If this is known (or for specific k), can you provide a reference? Thanks.
Sincerely,
Victor
3 August, 2007 at 9:44 am
Terence Tao
Dear Nate,
Tim Austin’s article is in draft form right now and should be available in a few weeks (it is pending the finalisation of another joint article between Tim and myself which uses Tim’s structure theorem for a property testing application – stay tuned!).
Dear Victor,
There is a higher version of this lemma known, at least in the k=3 case; the one new twist is that rather than slicing up the Hamming cube into translates of a vector space (or in other words, level sets of a few linear functions), one needs to slice up the Hamming cube instead into quadratic varieties – level sets of a few quadratic functions. One can see the need for this by looking at the standard maximum-rank quadratic form
; no amount of slicing into linear subspaces will eradicate the quadratic nature of this form, and so you cannot get k=3 Gowers uniformity of the function (minus its average, of course) unless you use quadratic slices (or if you use a lot of linear slices, at least n of them).
A reference for this is Proposition 3.9 of Ben Green’s Montreal lecture notes:
http://www.arxiv.org/abs/math.CA/0604089
If the Gowers inverse conjecture is true for higher k, then there will be analogues for higher k also (where now we slice using polynomials of degree k-1).
3 August, 2007 at 1:14 pm
Anonymous
Hi Terry, thanks for the beautifully written article. A small correction: Reed-Solomon should be replaced by Reed-Muller.
3 August, 2007 at 3:58 pm
Terence Tao
Thanks for the correction!
5 August, 2007 at 5:10 pm
Doug
What happens if one writes the combinatorial formulas for nCr, nPr in terms of the gamma function? Does this lead to randomness in combinatorics? Does it permit a combinatorics of objects arbitrary picked from two places along a continous interval among the reals? Would we need a different notion of “choosing” and “permutation”, or would it permit a combinatorics of fractional-valued objects with similar notions to one already? Supposing we can’t exactly count how many objects we have, but say we have approximately 6 objects and then we choose approximately 4 objects, would such a combinatorics allow us to compute how many “possibilities” would exist?
I can’t say that writing the combinatorial formulas in terms of the gamma function makes sense for me, at least not at this time. But, formally it seems permissible… at least if we take the combinations and permutations formulas as axioms, even if my little mind doesn’t get how to understand it (possibly yet). I’d guess someone could make some sense of this idea someday, but if you think really not, by all means have a laugh at this idea.
7 August, 2007 at 7:18 pm
Zaiaku
Intersting write.
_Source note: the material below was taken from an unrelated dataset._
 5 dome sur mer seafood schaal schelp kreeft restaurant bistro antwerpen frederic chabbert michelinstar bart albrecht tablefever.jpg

Got me thinking tonight on this one.
20 August, 2007 at 2:32 pm
NATE
Howdy.
Did you (or somebody else) ever write up a version of your variant on the hypergraph counting lemma to cover the case of non-partite hypergraphs?
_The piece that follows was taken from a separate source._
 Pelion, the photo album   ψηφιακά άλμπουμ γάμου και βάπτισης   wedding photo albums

20 August, 2007 at 3:02 pm
Terence Tao
Dear NATE,
Not as far as I know. You can “fake” it by interpreting a non-partite k-uniform hypergraph on n vertices as a k-partite k-uniform hypergraph on nk vertices in the obvious manner, and applying the regularity lemma to that, but it’s not fully satisfactory because the lower order hypergraphs that come out of that regularity lemma are not symmetric enough to have arisen from a non-partite hypergraph on the original vertex set, unless you do some technical trickery to force the symmetry. But probably the most direct way to proceed is to repeat the proof in the non-partite setting, working in spaces of functions which are symmetric with respect to the permutation group on k elements, and making sure that all the partitions etc. which arise are also symmetric (or at least equivariant) with respect to such permutations.
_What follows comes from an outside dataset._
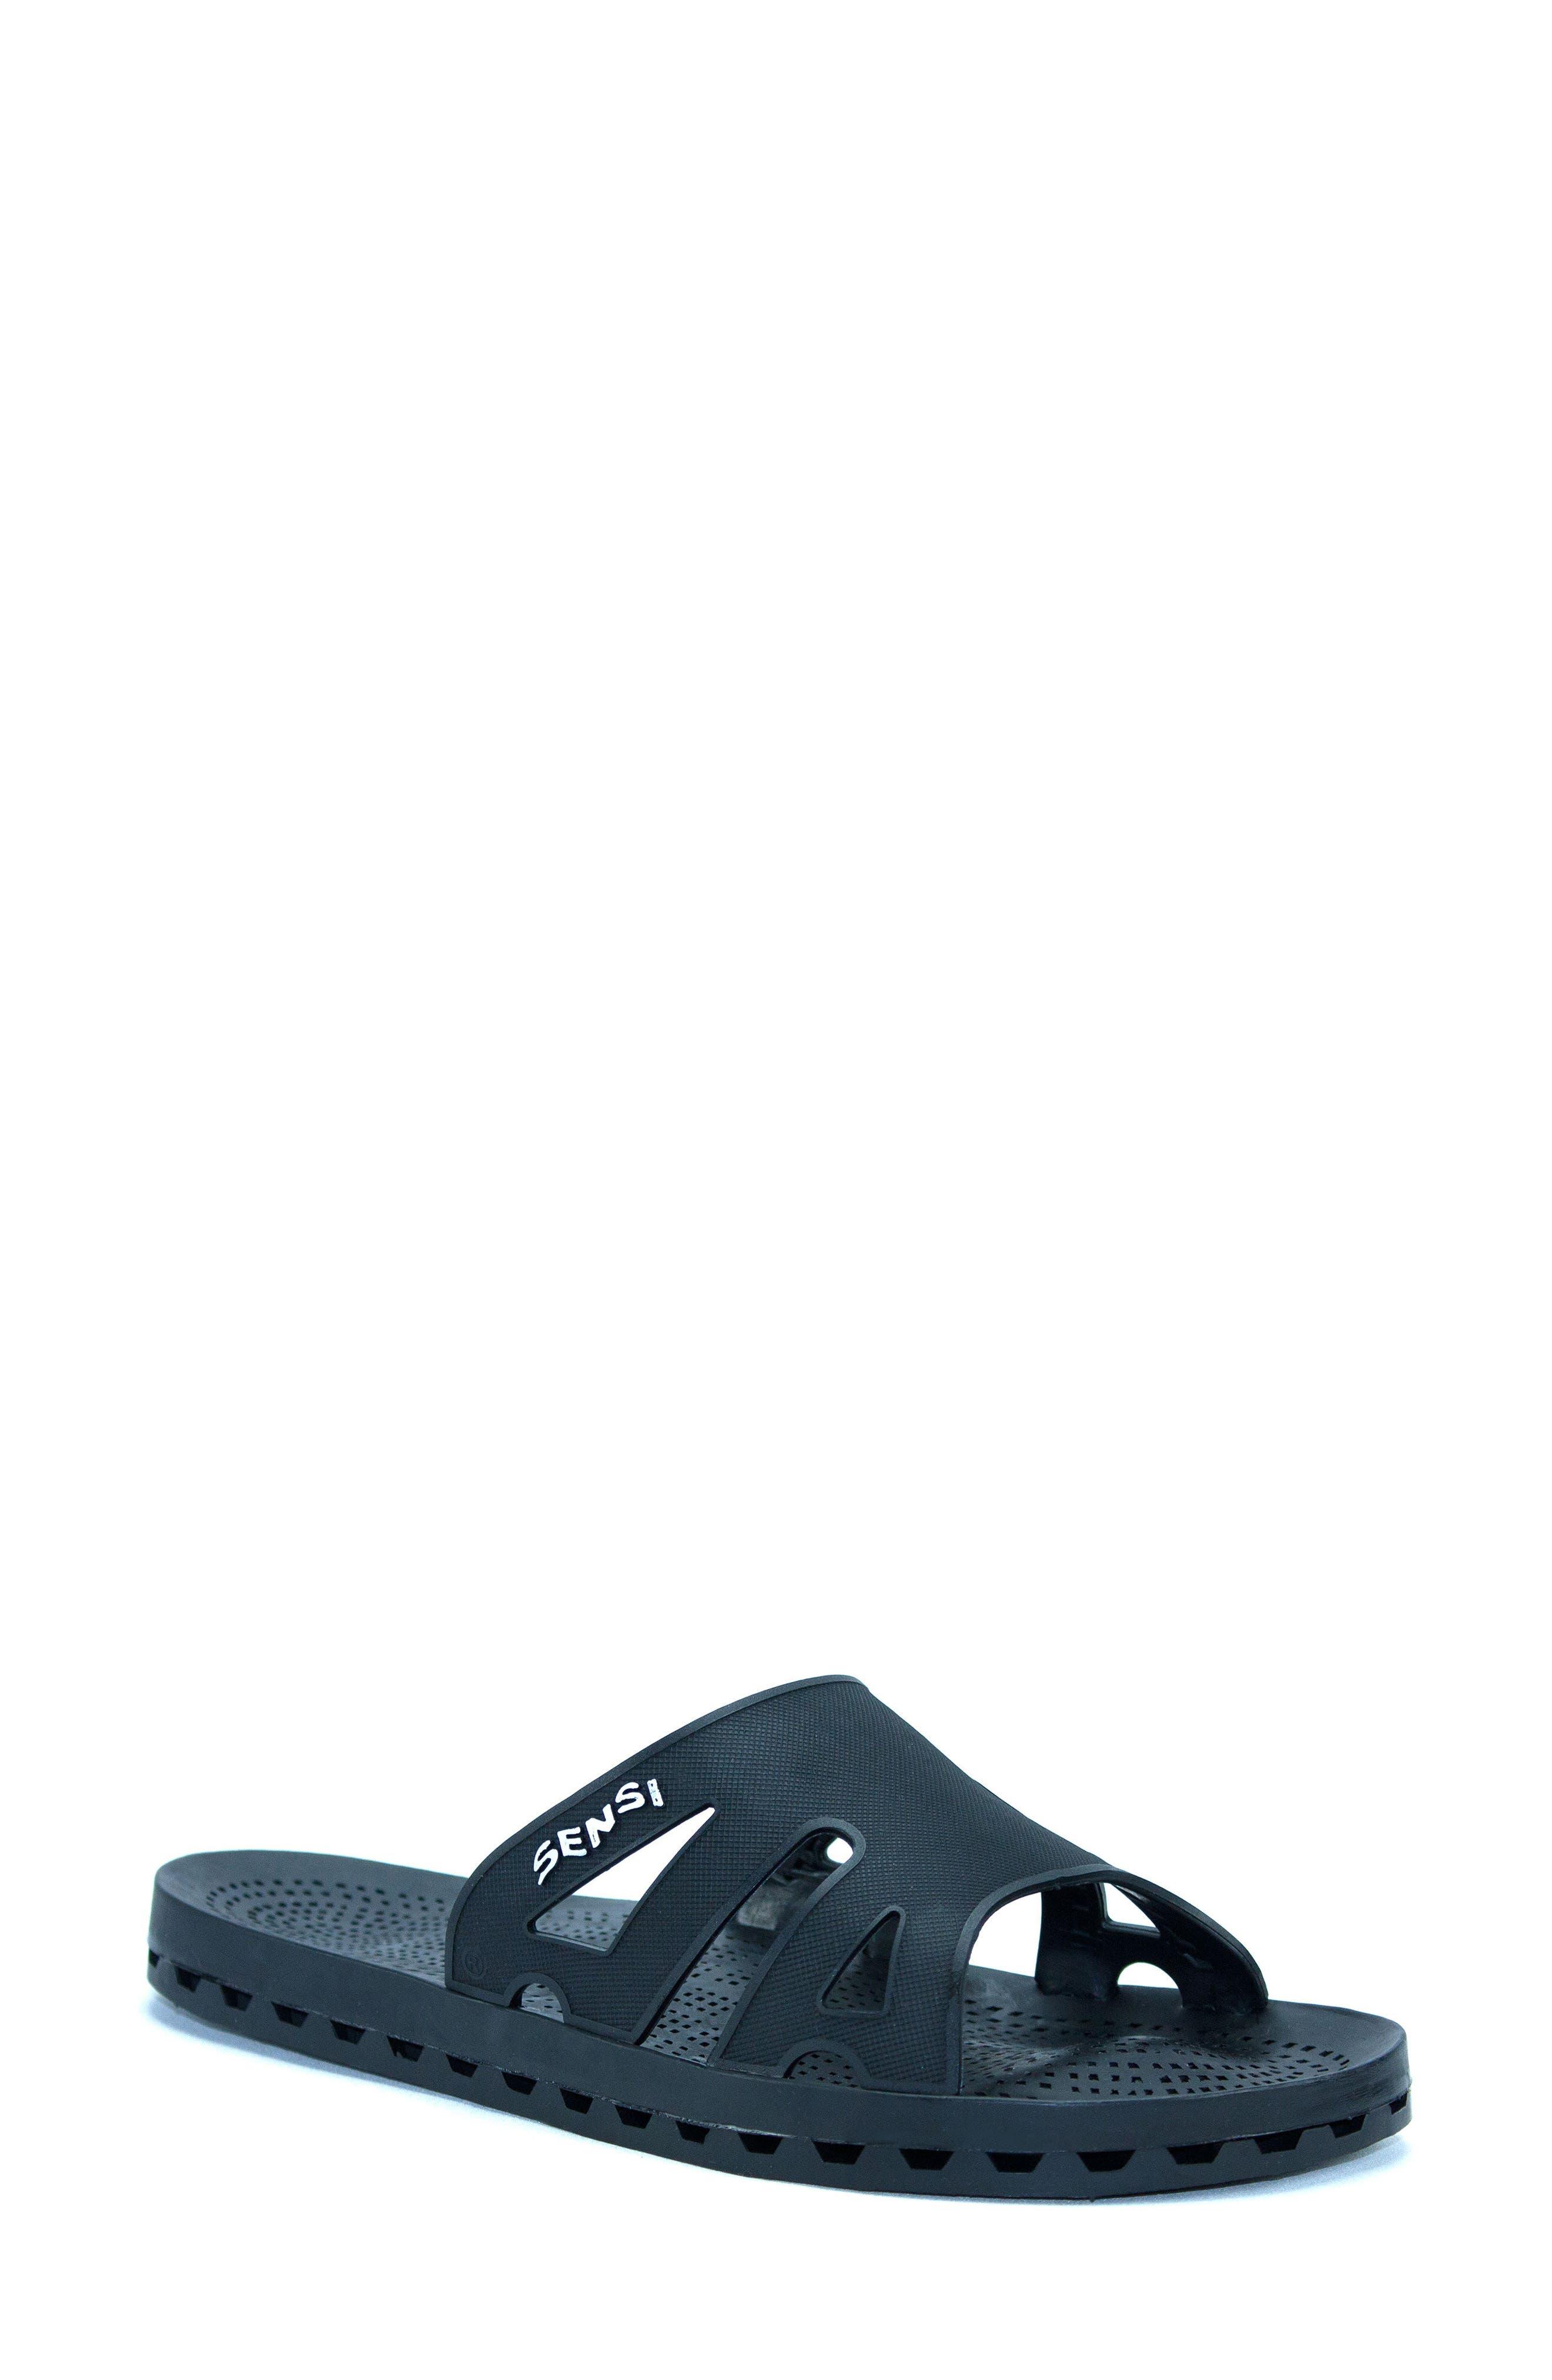 Regatta Slide Sandal,                         Main,                         color, Solid Black Rubber

Of course, one probably needs to have some non-trivial application in mind for the regularity lemma in order to go to all this trouble; one already has the hypergraph regularity lemmas of Gowers and of Rodl-Nagle-Schacht-Skokan which are more or less of comparable strength.
20 August, 2007 at 5:11 pm
NATE
I have a definite application in mind, and I am shopping around for which version of hypergraph regularity will most easily lend itself to the generalization that I have in mind.
If you have any insights on which formulations are better in different contexts, I’d love to hear them.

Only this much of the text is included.